Equating SQL and Pandas (Part-2)
01 Feb 2015This post is the second part in a four part series covering practice exercises to learn pandas (by comparing it with SQL). The first post covers a different exercise, but uses the same database.
Here, we try another assignment from coursera introduction to databases course.
SQL Movie-Rating Query Exercises (extra set)
In this part we'll use a database called 'rating'. I downloaded it from the Introduction to databases course in coursera. The database has three tables ( 'Movie', 'Rating', 'Reviewer' ).

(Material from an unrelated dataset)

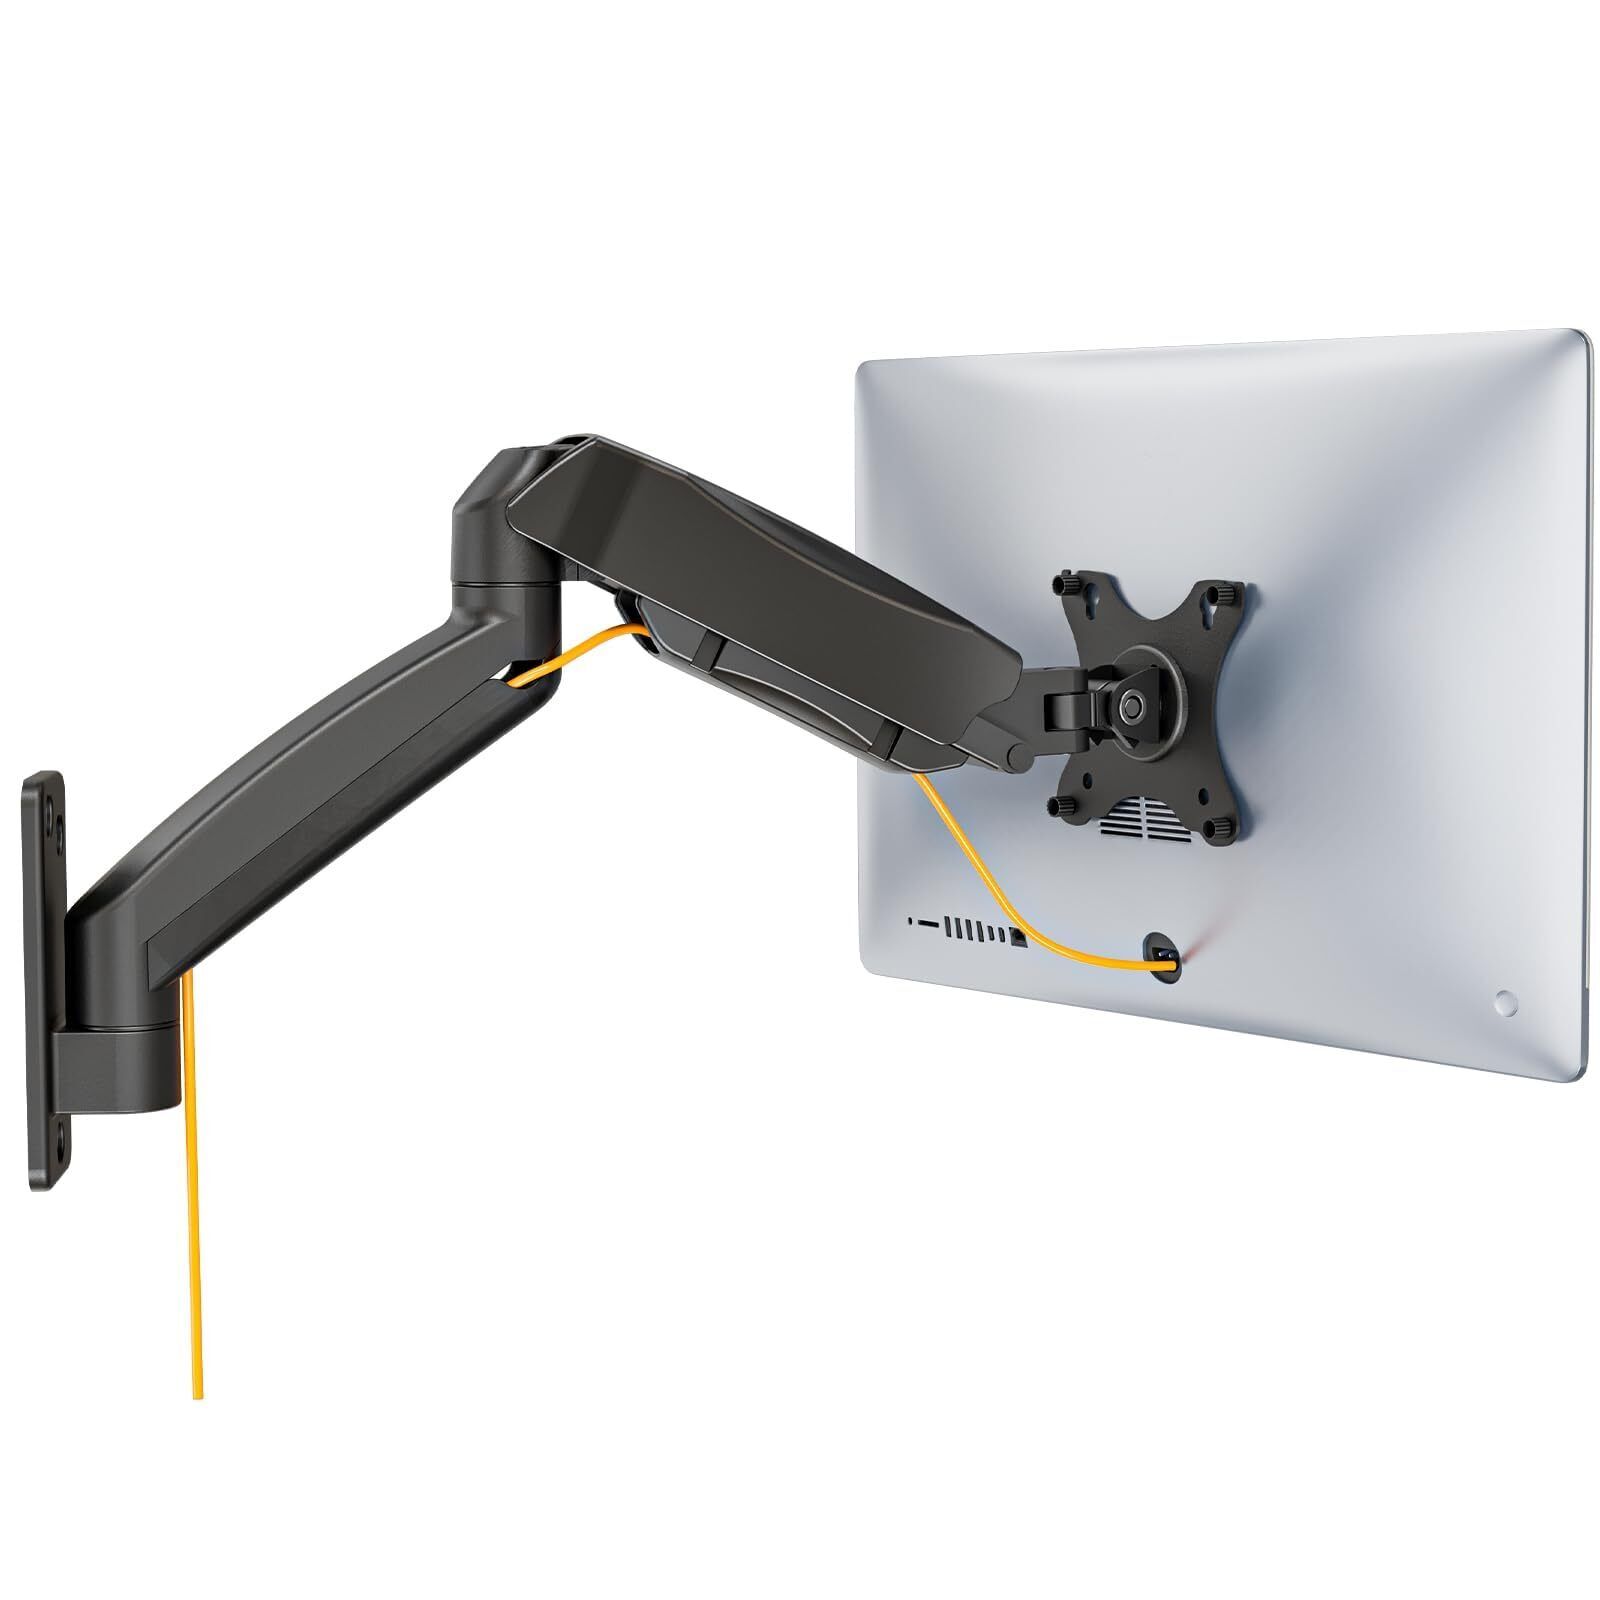 WALI Single Monitor Wall Mount, Gas Spring Monitor Arm for 1 Screen up to 32 ...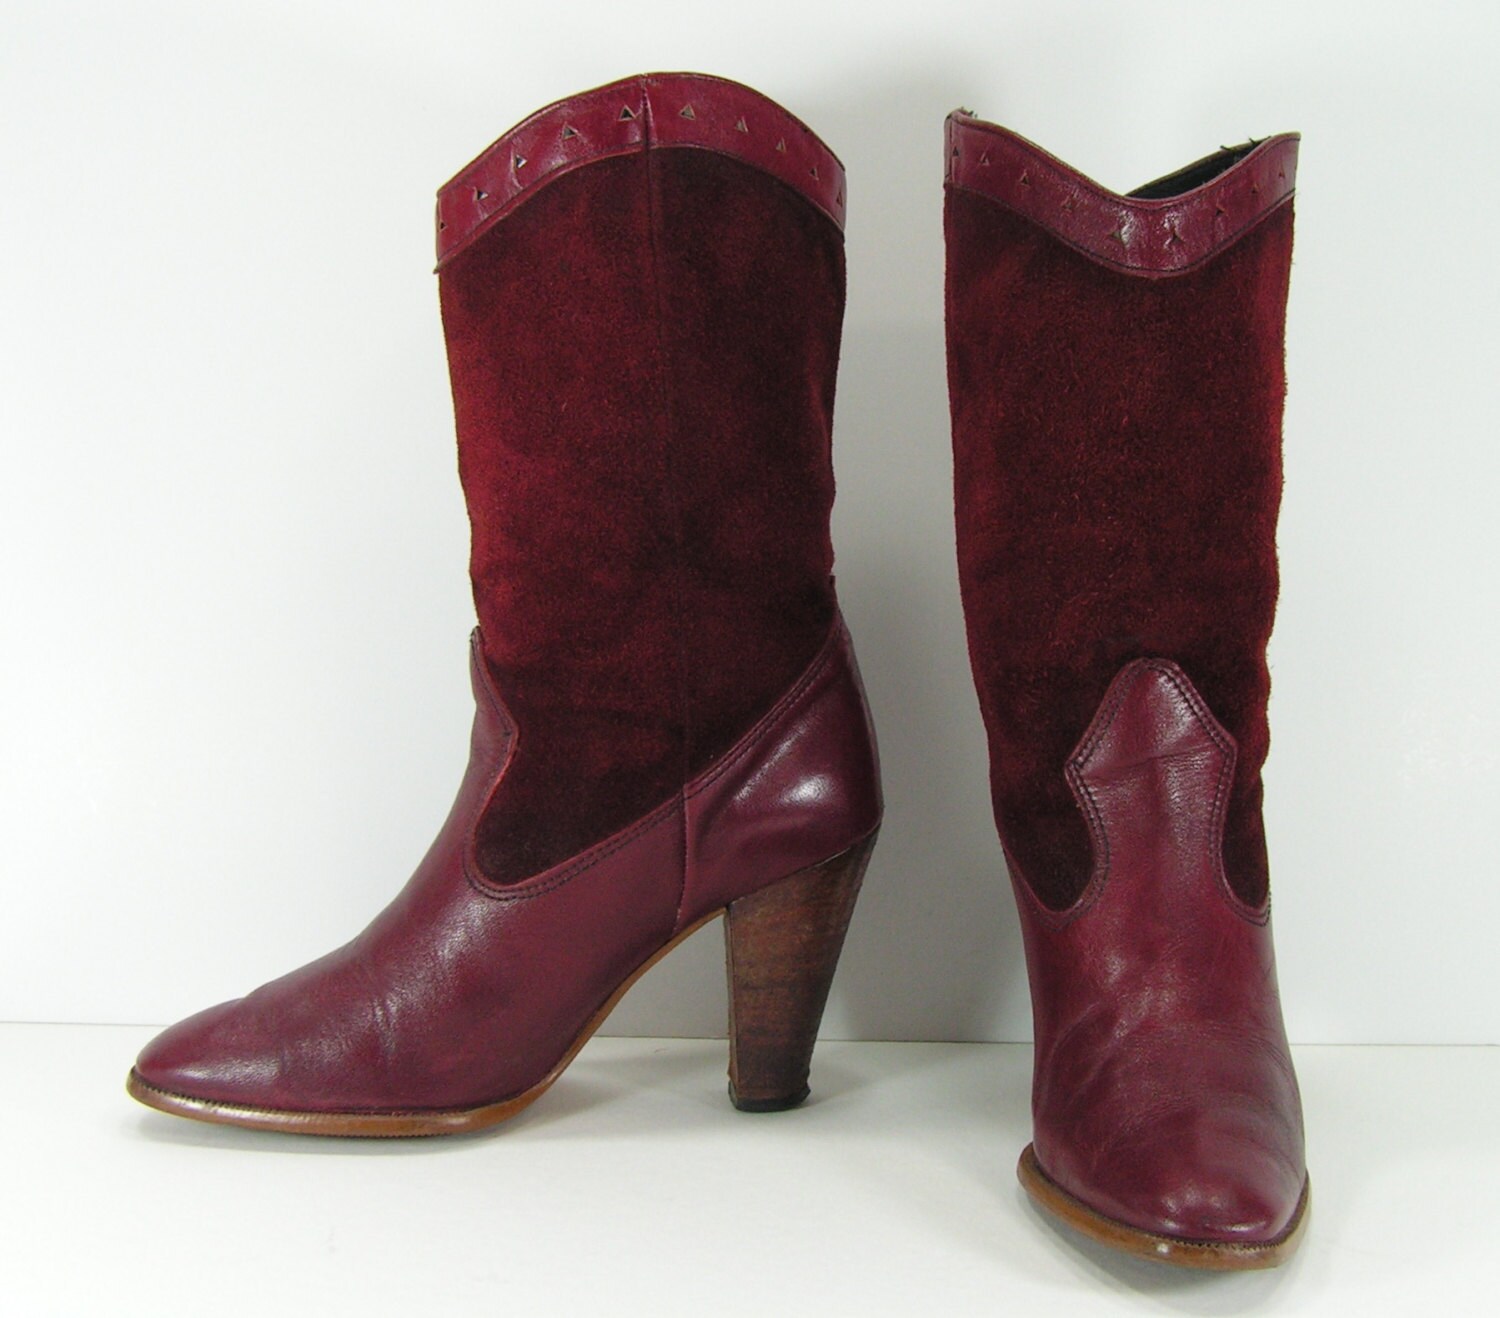 vintage cowboy boots womens 6 b m burgundy suede leather high

The schema is shown below.
Movie table | mID | title | year | director |
Rating table | rID | mID | stars | ratingDate |
Reviewer table | rID | name |
In [2]: import pandas
import mysql.connector
# set up connections to the DB
conn = mysql.connector.Connect(host='localhost',user='root',\
password='',database='rating')
In [1]: import pandas
import mysql.connector
# set up connections to the DB
conn = mysql.connector.Connect(host='localhost',user='root',\
password='',database='rating')
#LOAD the SQL tables into DF
qryMv = """
SELECT * From Movie
"""
qryRt = """
SELECT * From Rating
"""
qryRe = """
SELECT * From Reviewer
"""
movieDF = pandas.read_sql( qryMv, conn )
ratDF = pandas.read_sql( qryRt, conn )
rvwrDF = pandas.read_sql( qryRe, conn )
Question-1 : Find the names of all reviewers who rated Gone with the Wind.
Solution using SQL.
In [3]: #SQL query
qry = """
SELECT DISTINCT re.name FROM Reviewer re
INNER JOIN Rating ra ON ra.rID = re.rID
INNER JOIN Movie mv ON ra.mID = mv.mID
WHERE mv.title = 'Gone with the Wind'
ORDER BY re.name
"""
# get the data
qDF = pandas.read_sql( qry, conn )
# print the data
print qDF
name
0 Mike Anderson
1 Sarah Martinez
[2 rows x 1 columns]
Solution using Pandas.
Methods used : merge(inner), sort, unique()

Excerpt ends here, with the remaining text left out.